Cows and Treatments 

This experiment was conducted at The University of British Columbia's Dairy Education and Research Centre in Agassiz, British Columbia, Canada. The animals were cared for according to the guidelines of the Canadian Council of Animal Care (1993).

Twenty-five lactating, pregnant, Holstein dairy cows in late lactation (266±81.8 DIM, mean±SD, range from 131 to 499 DIM) were randomly assigned to groups (n=5 observational units). Data are reported as mean±standard deviation; milk production (26.4±3.4L of milk/d, range from 19.5 to 31.5L of milk/d), parity (2.5±1.6, range from 1 to 6 lactations), BW (691±97kg; range from 563 to 947kg), BCS (3.3±0.5, range from 2.5 to 4; scored from 1 to 5 following Edmonson et al., 1989) and gait score (2.8±0.6, range from 2 to 4; scored from 1 to 5 following Flower and Weary, 2006) did not differ among groups. No animals showed signs of illness during the study.
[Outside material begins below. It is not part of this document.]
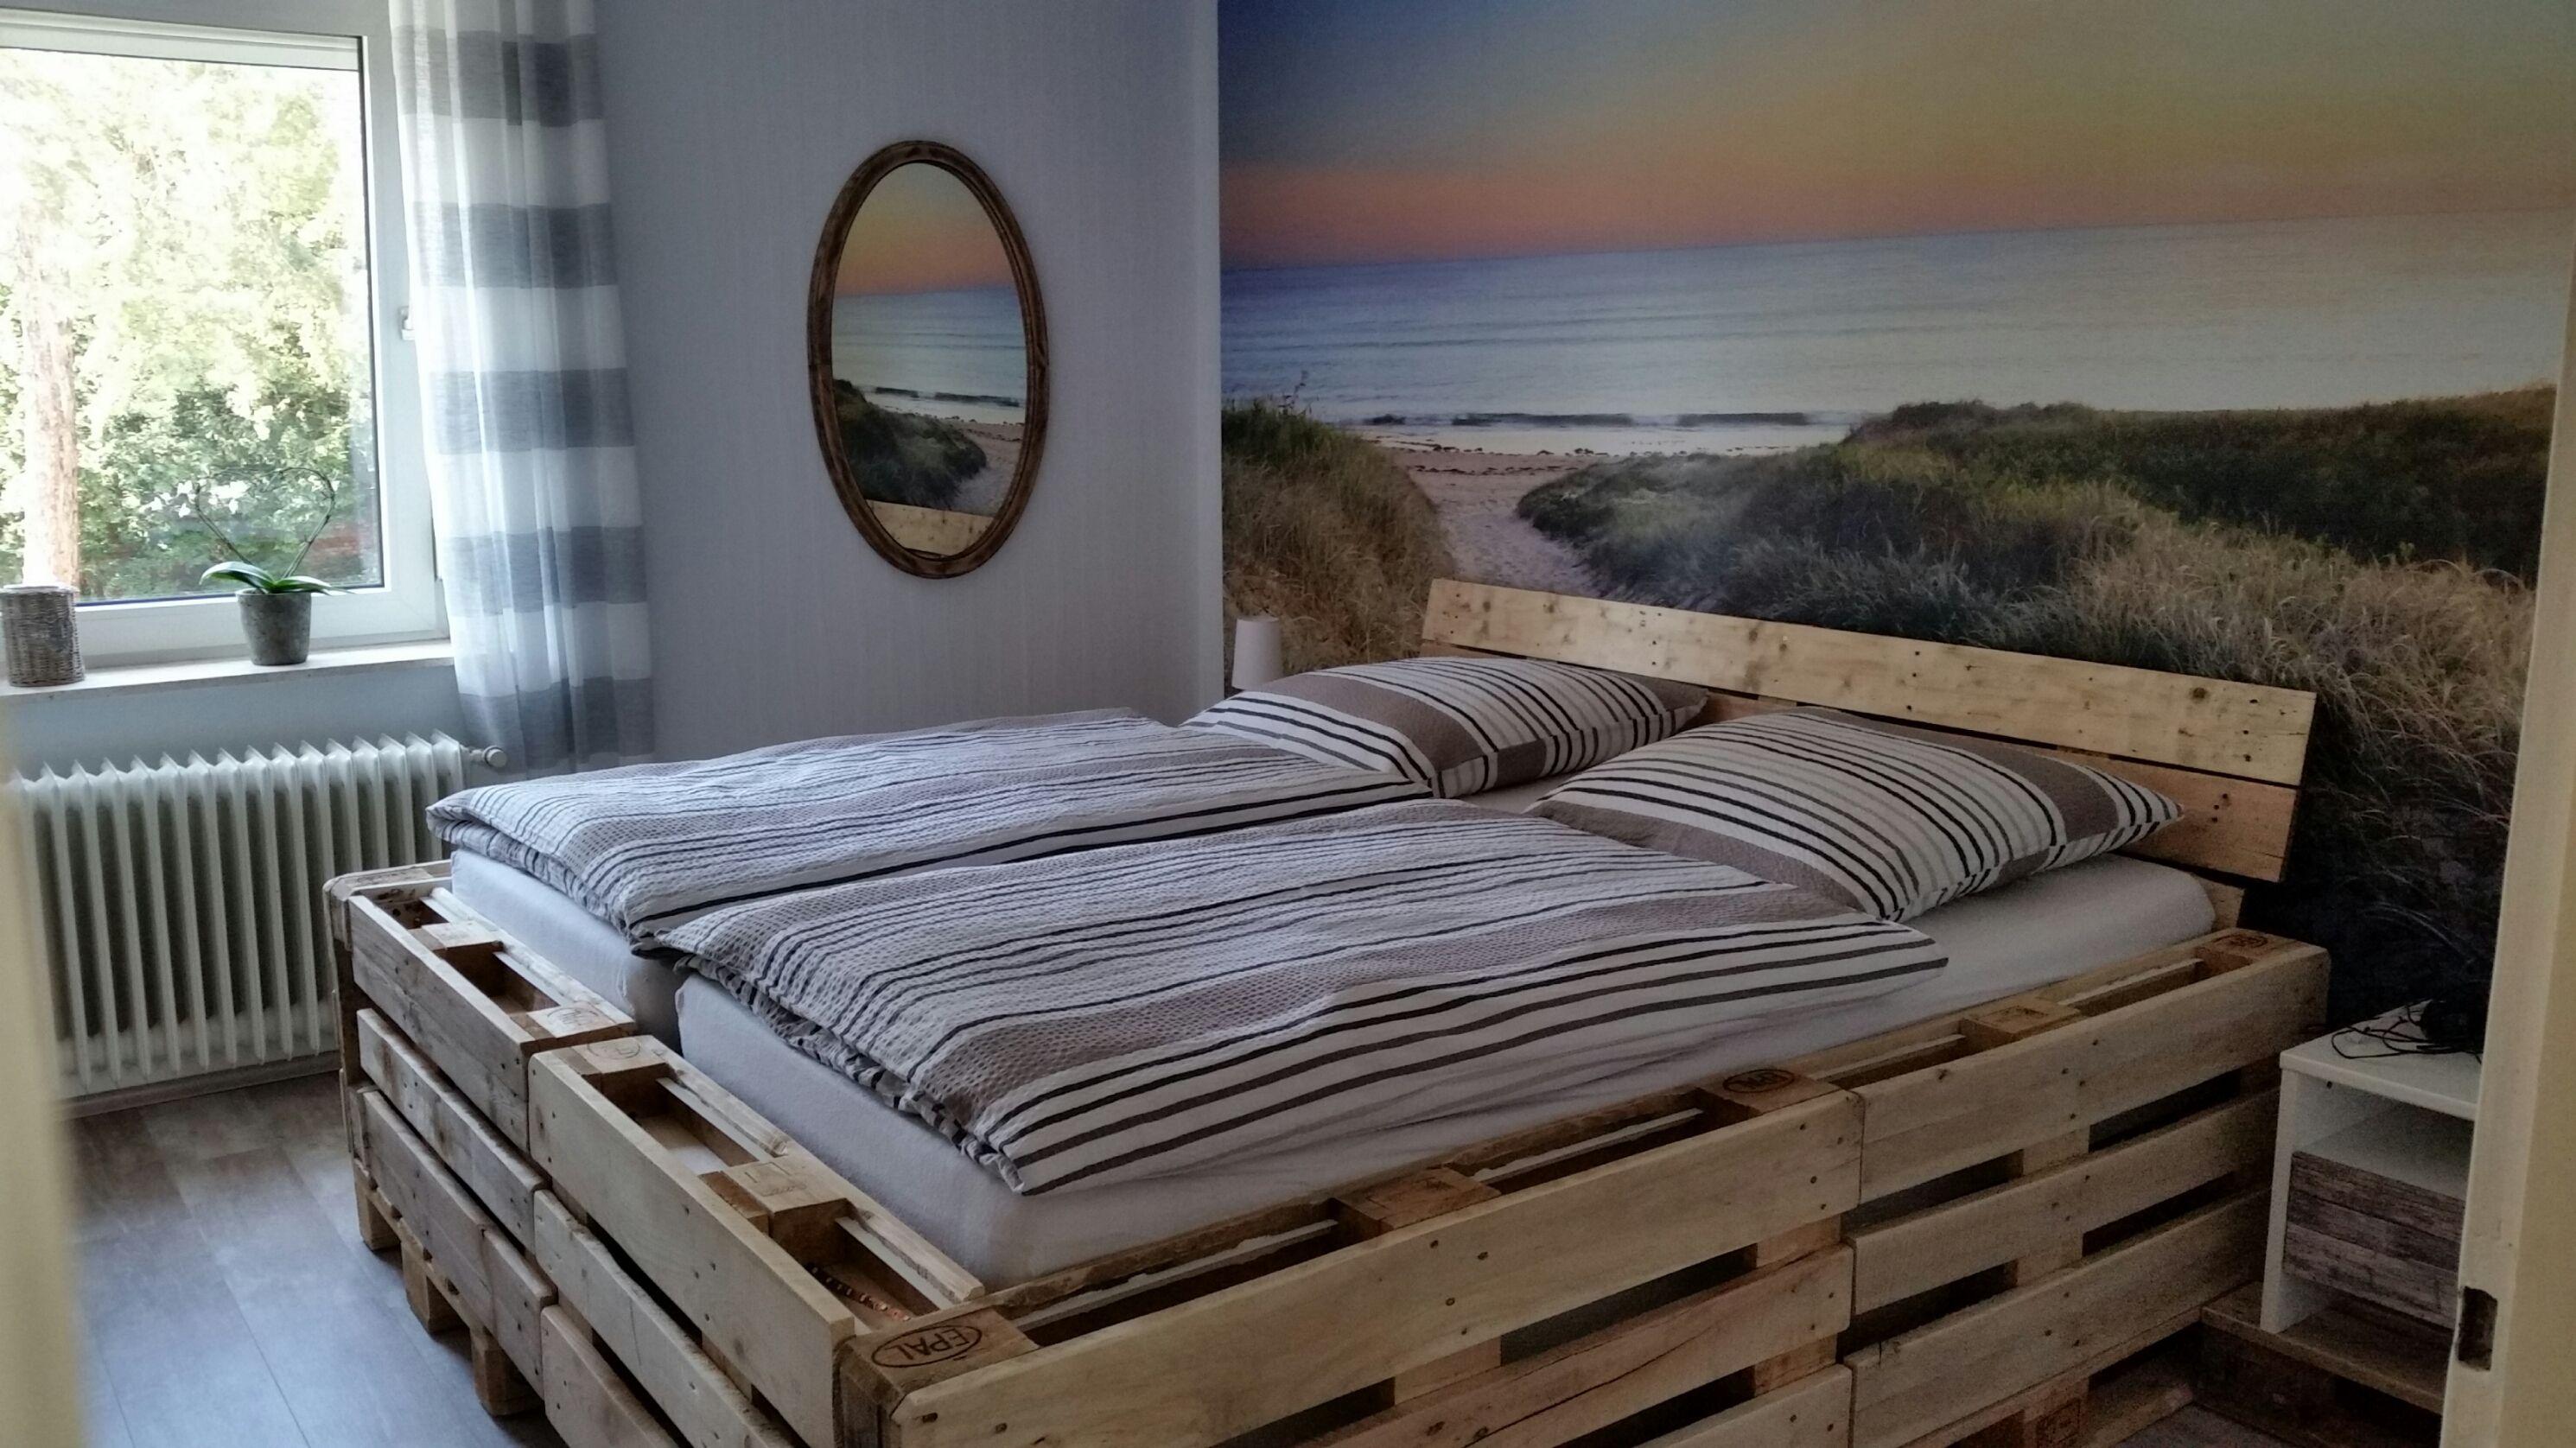 Euro Paletten Bett Mit Led Beleuchtung Bauanleitung Zum Selber Paletten Led Beleuchtung Europalette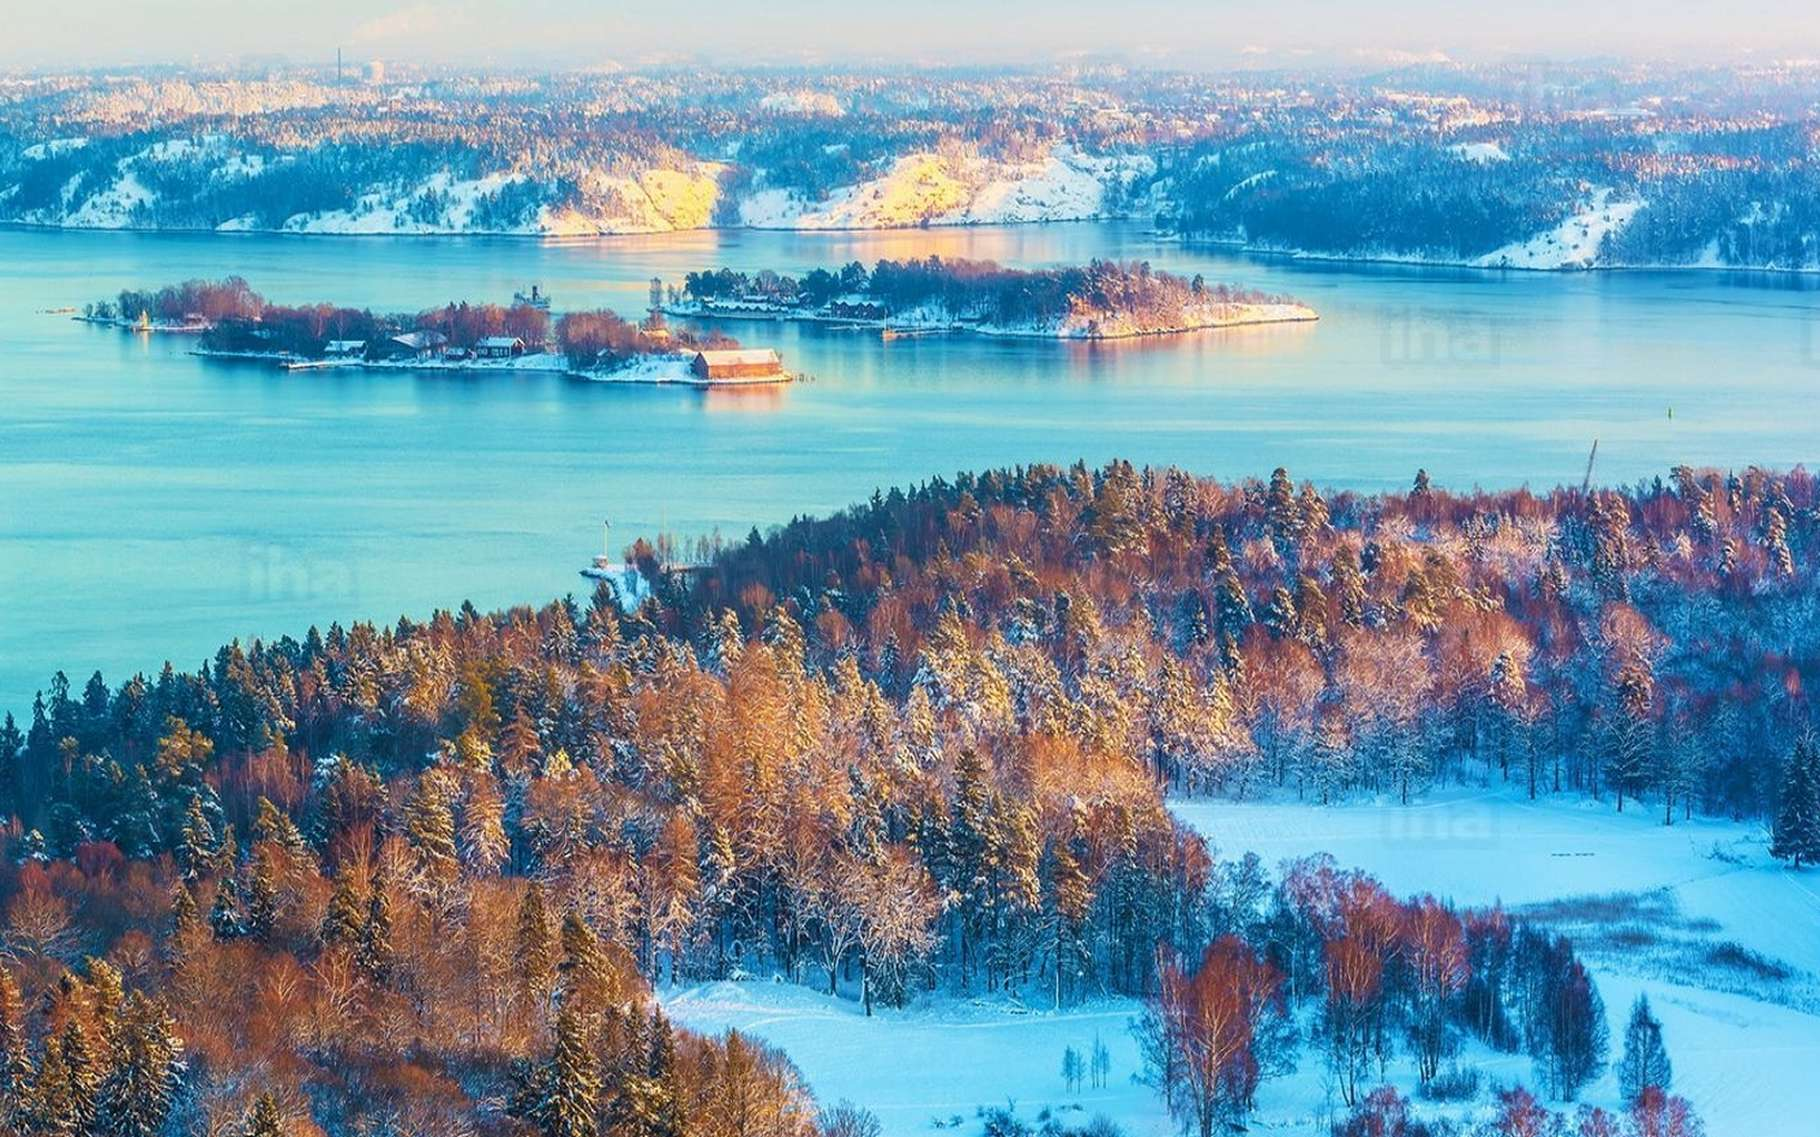 La Finlande veut réduire ses émissions de CO2 et met la priorité sur les énergies renouvelables. © Oleksiy Mark @CC, IHA

All cows had previous experience with both pasture and the free-stall housing. Before the experiment, all cows had been housed in a free-stall barn throughout their lactation. All cows had been kept on pasture as growing heifers and multiparous cows had also been kept on pasture during previous dry periods. To ensure that cows were acclimated to the specific housing and pasture used in this experiment, each group was housed in these test pens and pastures for 7 d before the experiment began. During this 7-d period, cows were housed in the free-stall pen between morning and evening milkings. Cows were put to pasture 2h after the afternoon milking and brought in again just before the morning milking.

Each group was tested during a 2-d forced-choice phase when restricted to the free-stall housing, during a 2-d forced-choice phase when restricted to pasture, and during a 3-d free-choice phase when cows were allowed to choose between using indoor free-stall housing or pasture. Two of the 5 groups were tested first with the forced free-stall condition, followed by the forced pasture. The 3 other groups were tested in the opposite order. The forced phases were immediately followed by the choice phase. This 7-d cycle was repeated 3 times over the period from May 11 to July 17, 2007, to provide data for 21d/group and to ensure that each group was tested under each condition under a range of climatic conditions. Between cycles, cows were housed indoors for a minimum of 7d in the same pens as those used for acclimatization.

Housing, Management, and Feed Intake 

Three experimental pens were used in this study. Each pen (width = 9.5m and length = 12.3m) contained 12 free-stalls configured in 2 rows separated by a 3.0-m alley. The width of the alley between the 6 stalls closest to the feed bunk was 3.5m. Stalls had a base of geotextile mattress, covered with 0.1m of washed river sand.

Individual stalls were separated by Y2K-style partitions (1.2m wide center-to-center and 2.6m length; Artex, Langley, British Columbia, Canada) and had a brisket board that was 1.7m from the internal side of the curb (0.2m height), providing a lying area of approximately 2m2/cow. The distance of the neck rail from the center of the mattress to the bottom of the neck rail bar was fixed at 1.25m throughout the course of the experiment. The stalls located the furthest from the feed bunk as well as one from the row closest to the feed alley were blocked off to prevent access by cows such that 5 stalls were available for each group of 5 cows. Flooring throughout the pen (including the crossover alley) was composite rubber. Alleys were cleaned by using automatic scrapers twice daily, and the crossover alleys were scraped manually once daily.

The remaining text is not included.